Assignment |
Transcribe every entry word for word. Skip the pictures.

++++ Record set ++++

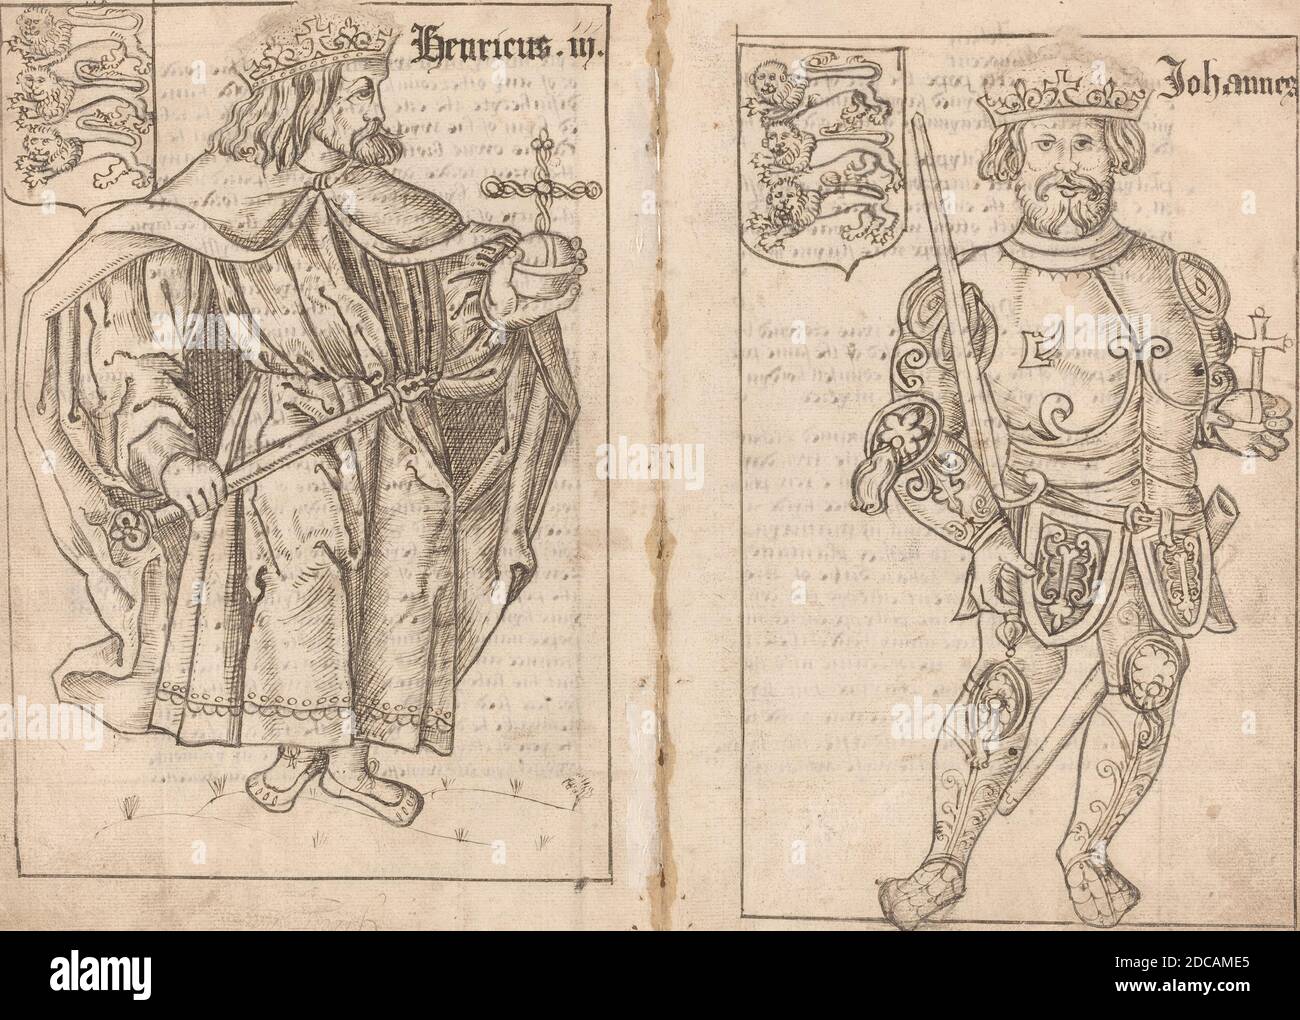 Englisch 16. Jahrhundert, (Künstler), King John, 16. Jahrhundert, Stift und  braun-schwarze Tinte über schwarzer Kreide auf gegelegtem Papier/1 von 2  drwgs. Auf gefaltetem Blatt von Ms. (zweites Blatt von Ms. verschachtelt mit
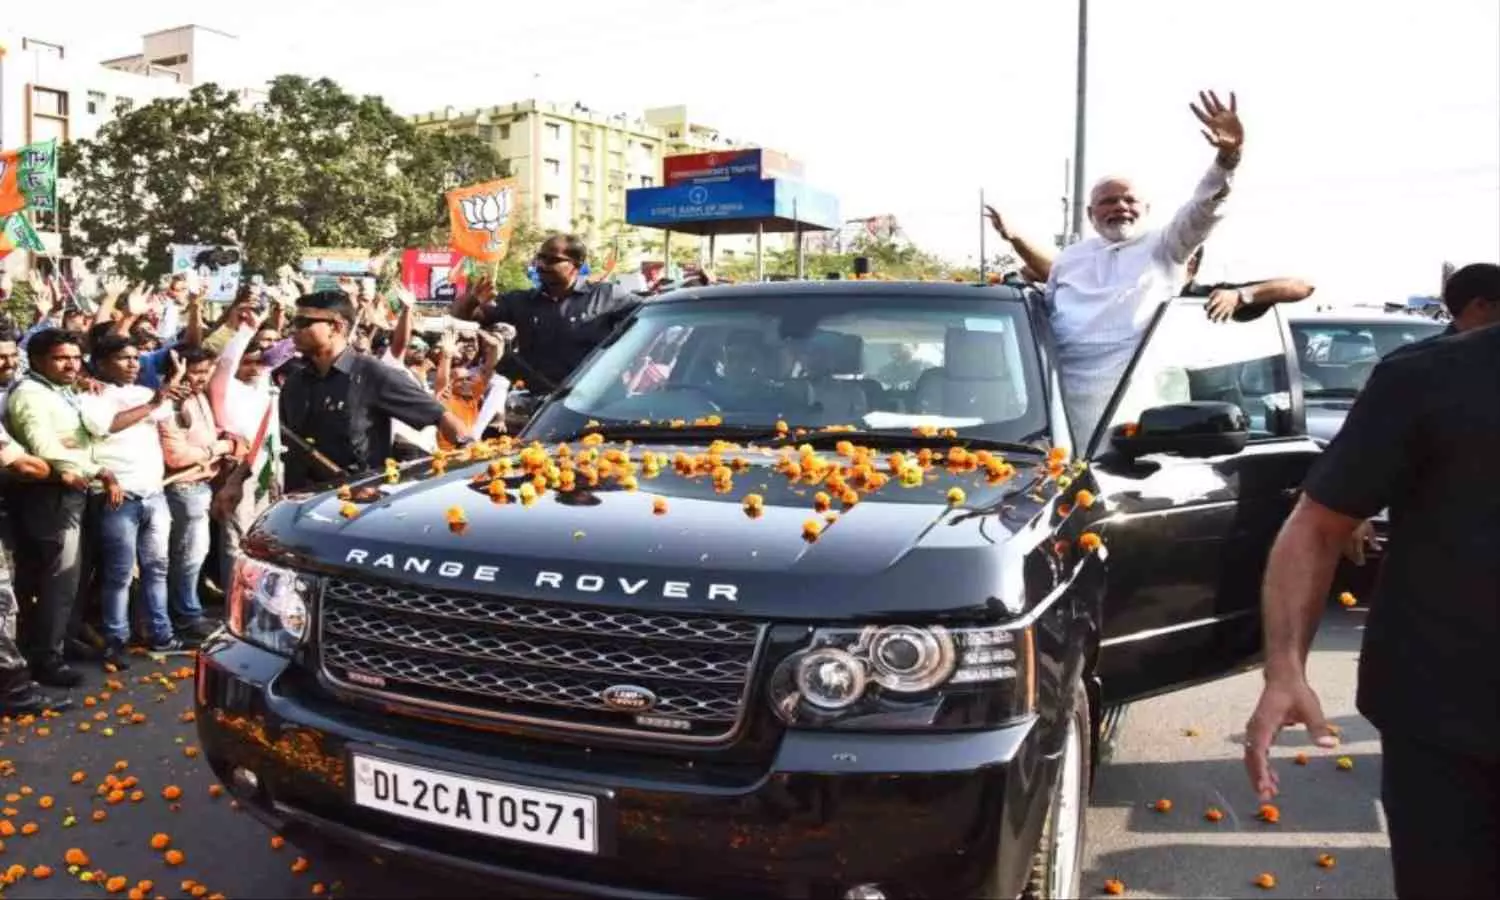 PM Modi Car Collection: पीएम मोदी के काफिले में एक से बढ़कर एक गाड़ियां, महिंद्रा से लेकर मर्सिडीज तक शामिल
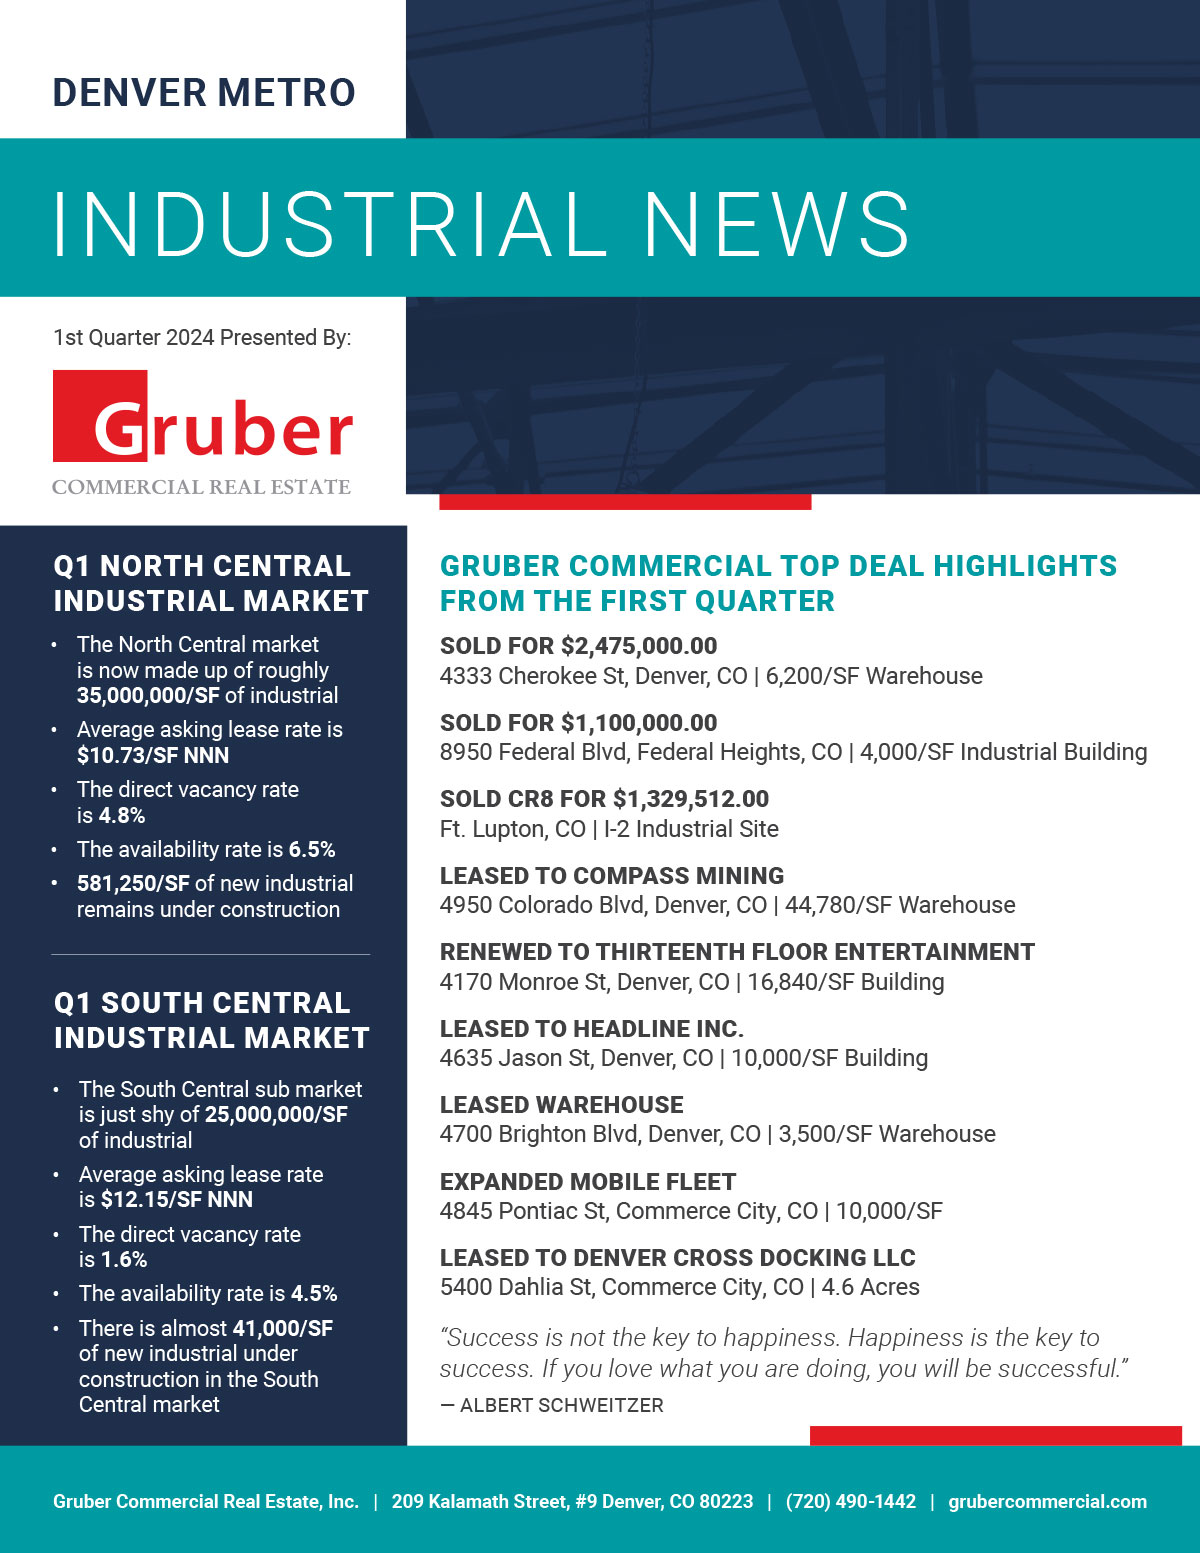 Gruber Newsletter: 1st Quarter 2024
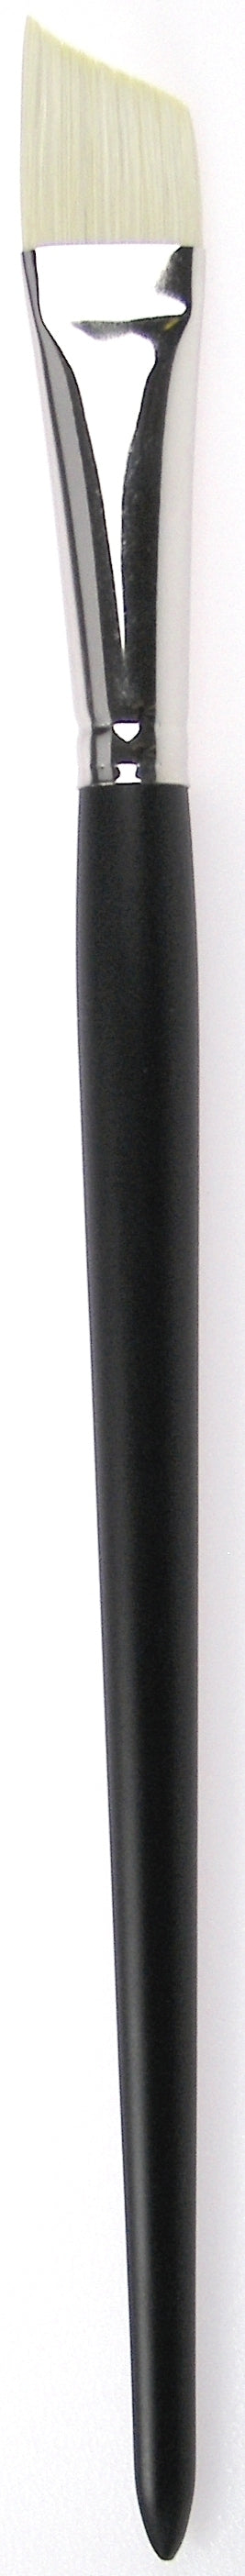 Zahn Oil-Acrylic Brush Angular, Brislon, 9958 Size 6
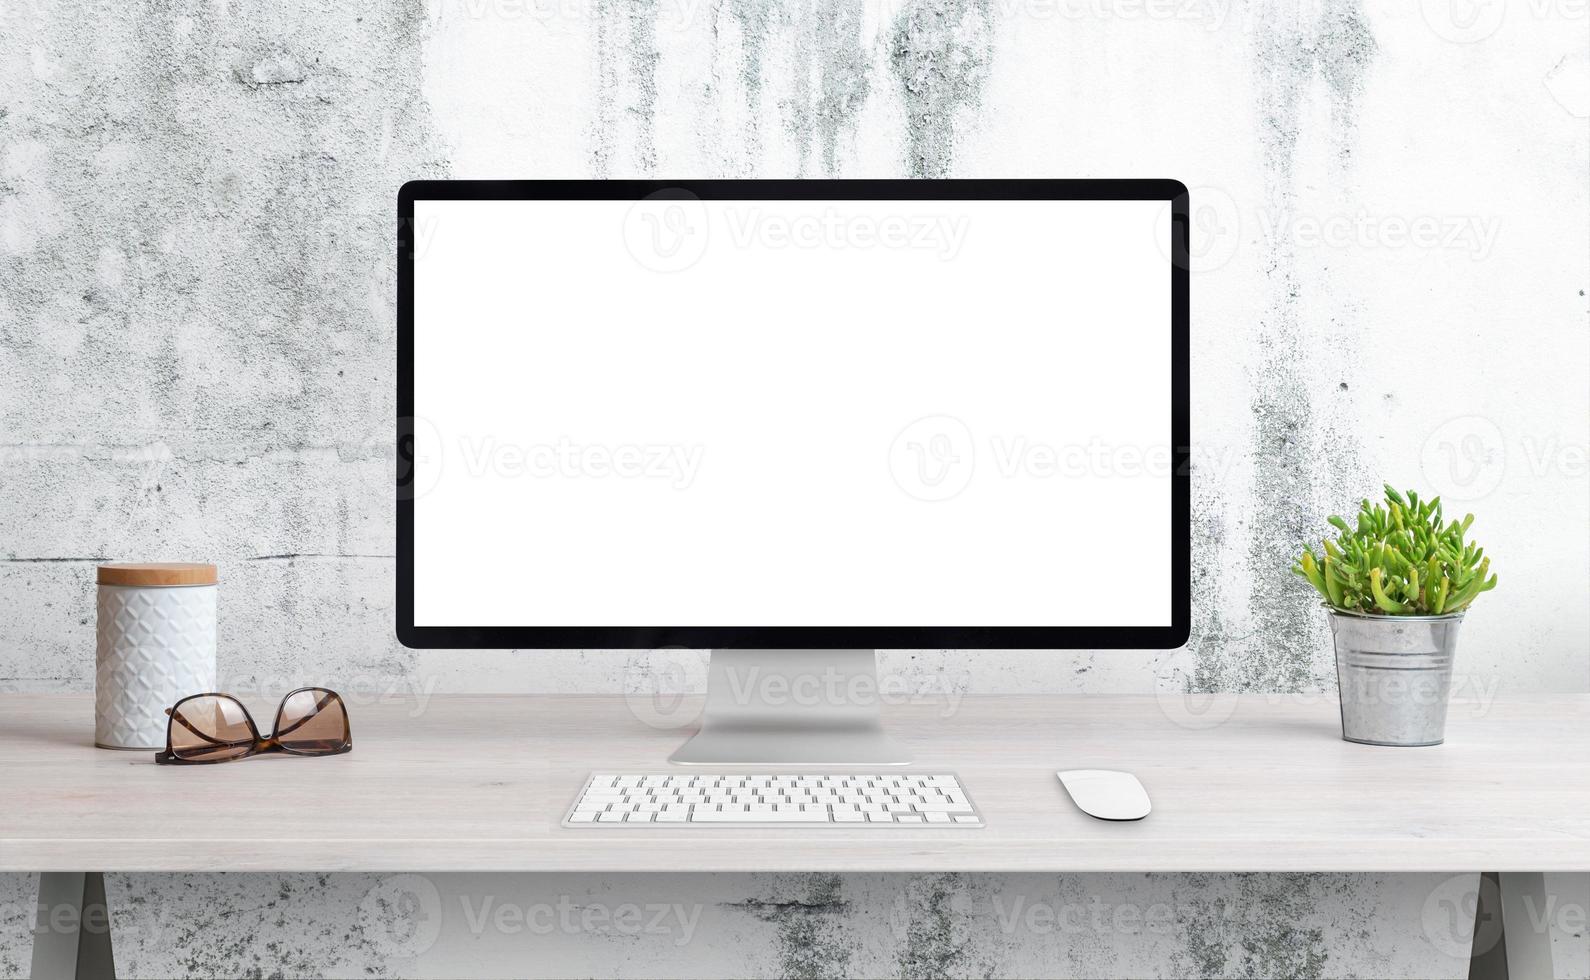 pantalla de computadora en el escritorio de la oficina con pantalla aislada para maqueta, presentación de página wep. escritorio limpio con planta, vasos y caja. pared rugosa blanca en el fondo foto

++++

Task response |
 Englisch 16. Jahrhundert, (Künstler), King John, 16. Jahrhundert, Stift und  braun-schwarze Tinte über schwarzer Kreide auf gegelegtem Papier/1 von 2  drwgs. Auf gefaltetem Blatt von Ms. (zweites Blatt von Ms. verschachtelt mit
 PM Modi Car Collection: पीएम मोदी के काफिले में एक से बढ़कर एक गाड़ियां, महिंद्रा से लेकर मर्सिडीज तक शामिल
 Gruber Newsletter: 1st Quarter 2024
 Zahn Oil-Acrylic Brush Angular, Brislon, 9958 Size 6
 pantalla de computadora en el escritorio de la oficina con pantalla aislada para maqueta, presentación de página wep. escritorio limpio con planta, vasos y caja. pared rugosa blanca en el fondo foto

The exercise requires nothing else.